Not much to talk about here. The other two instances of this get modified in the exact same way. So how much does it help?

Change: Gather using SSE instructions and transpose

Total cull time min 25th med 75th max mean sdev
Initial 3.148 3.208 3.243 3.305 4.321 3.271 0.100
SSE Gather 2.934 3.078 3.110 3.156 3.992 3.133 0.103
Render depth min 25th med 75th max mean sdev
Initial 2.206 2.220 2.228 2.242 2.364 2.234 0.022
SSE Gather 2.099 2.119 2.137 2.156 2.242 2.141 0.028
Depth test min 25th med 75th max mean sdev
Initial 0.813 0.830 0.839 0.847 0.886 0.839 0.013
SSE Gather 0.773 0.793 0.802 0.809 0.843 0.801 0.012

So we’re another 0.13ms down, about 0.04ms of which we gain in the depth testing pass and the remaining 0.09ms in the rendering pass. And a re-run with VTune confirms that the blocked loads are indeed gone:

Store forwarding fixed

Vertex transformation

Last time, we modified the vertex transform code in the depth test rasterizer to get rid of the z-clamping and simplify the clipping logic. We also changed the logic to make better use of the regular structure of our input vertices.
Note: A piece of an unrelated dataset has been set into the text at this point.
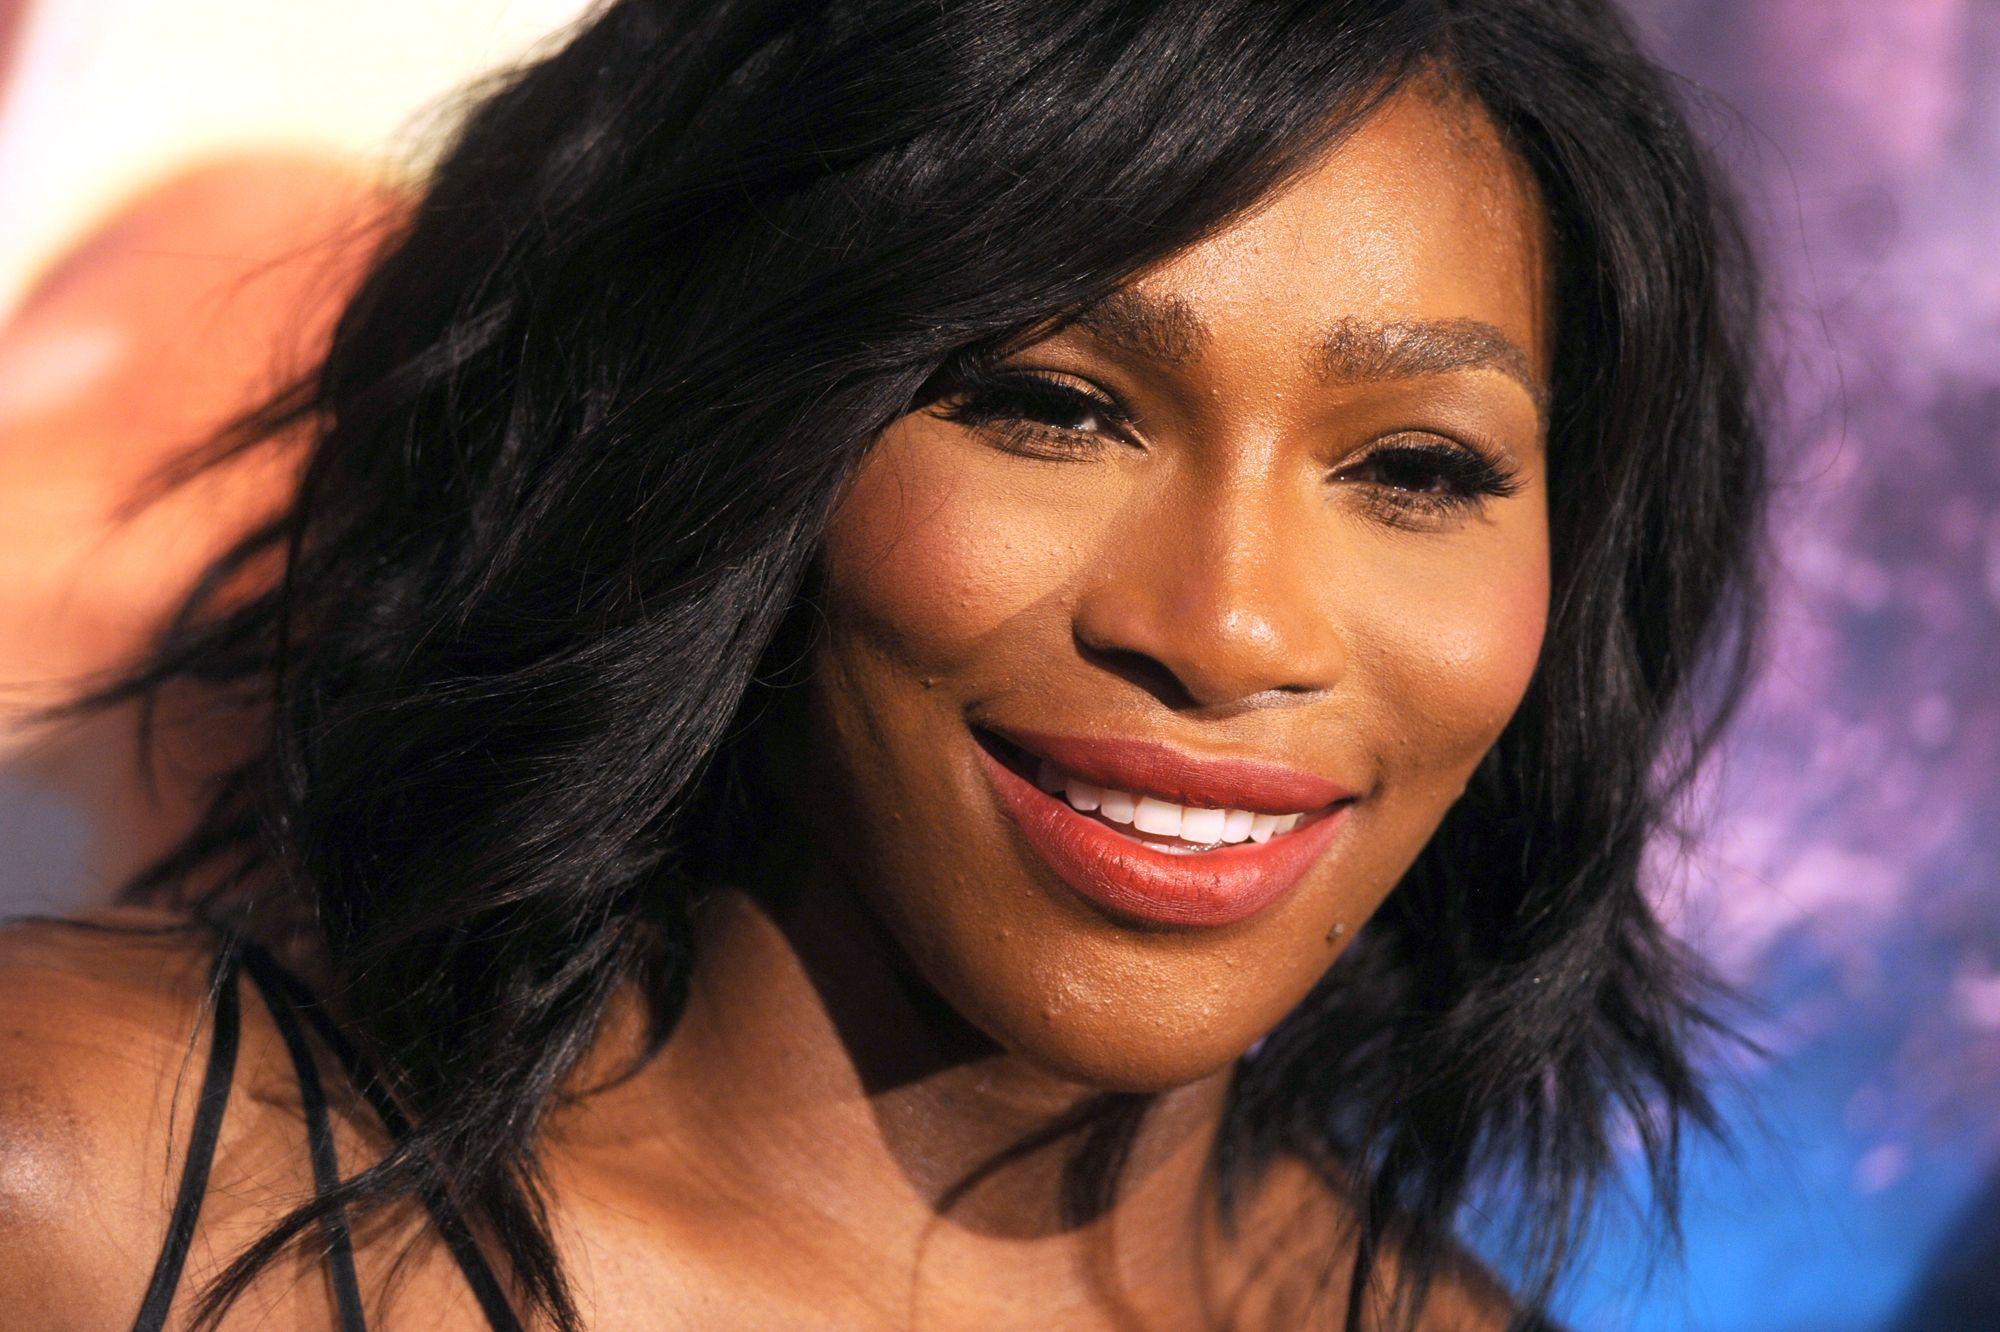 La reine du tennis La star sexy de la semaine : Serena Williams
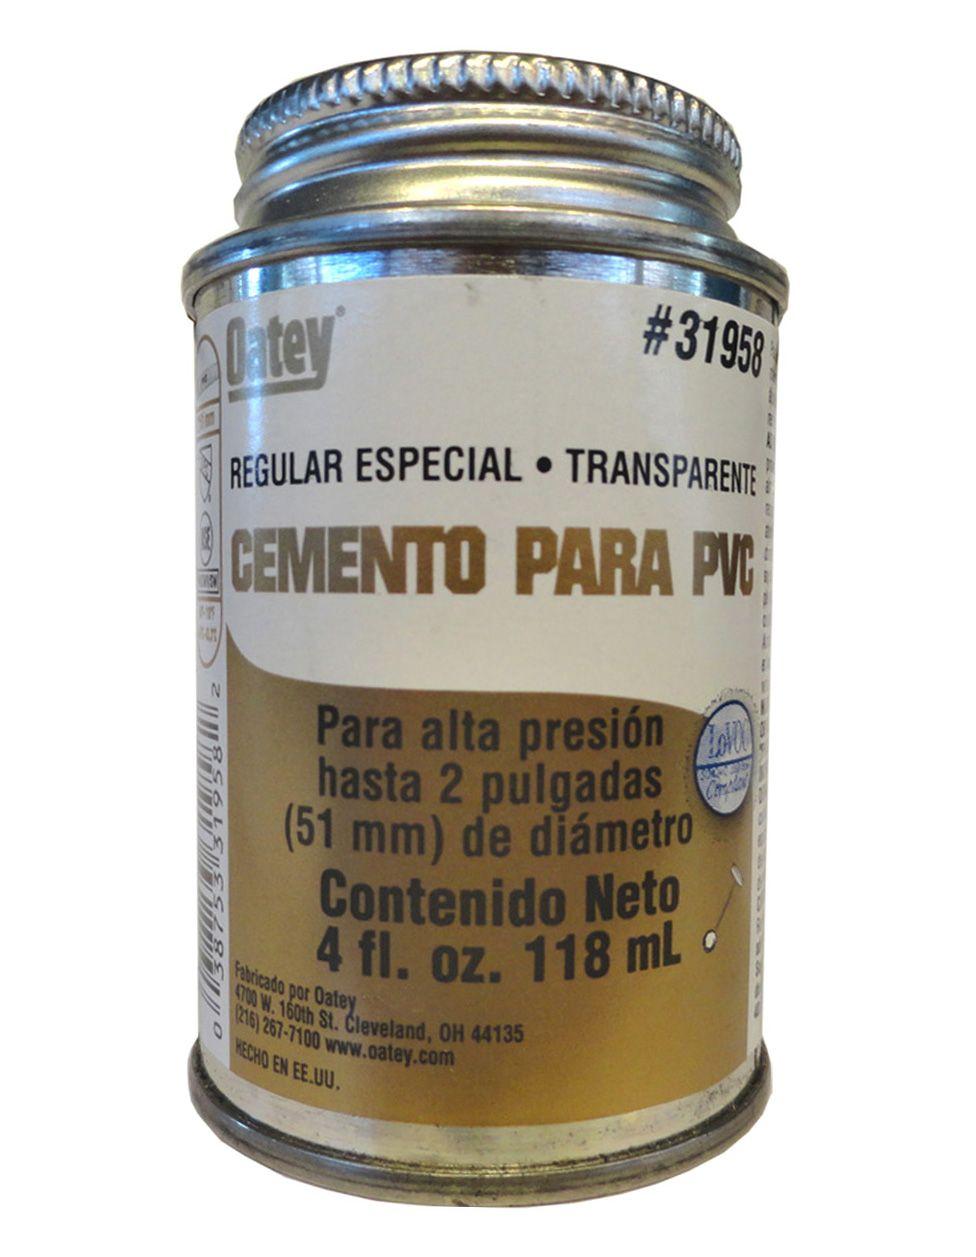 Pegamento oatey regular dorado 118 ml para tuber as de for Productos para desatascar tuberias

We don’t have any special structure we can use to make vertex transforms on regular meshes faster, but we definitely can (and should) improve the projection and near-clip logic, turning this:

mpXformedPos[i] = TransformCoords(&mpVertices[i].position,
float oneOverW = 1.0f/max(mpXformedPos[i].m128_f32[3], 0.0000001f);
mpXformedPos[i] = _mm_mul_ps(mpXformedPos[i],
mpXformedPos[i].m128_f32[3] = oneOverW;

into this:

__m128 xform = TransformCoords(&mpVertices[i].position,
__m128 vertZ = _mm_shuffle_ps(xform, xform, 0xaa);
__m128 vertW = _mm_shuffle_ps(xform, xform, 0xff);
__m128 projected = _mm_div_ps(xform, vertW);

// set to all-0 if near-clipped
__m128 mNoNearClip = _mm_cmple_ps(vertZ, vertW);
mpXformedPos[i] = _mm_and_ps(projected, mNoNearClip);

Here, near-clipped vertices are set to the (invalid) x=y=z=w=0, and the binner code can just check for w==0 to test whether a vertex is near-clipped instead of having to use the original w tests (which again had a hardcoded near plane value).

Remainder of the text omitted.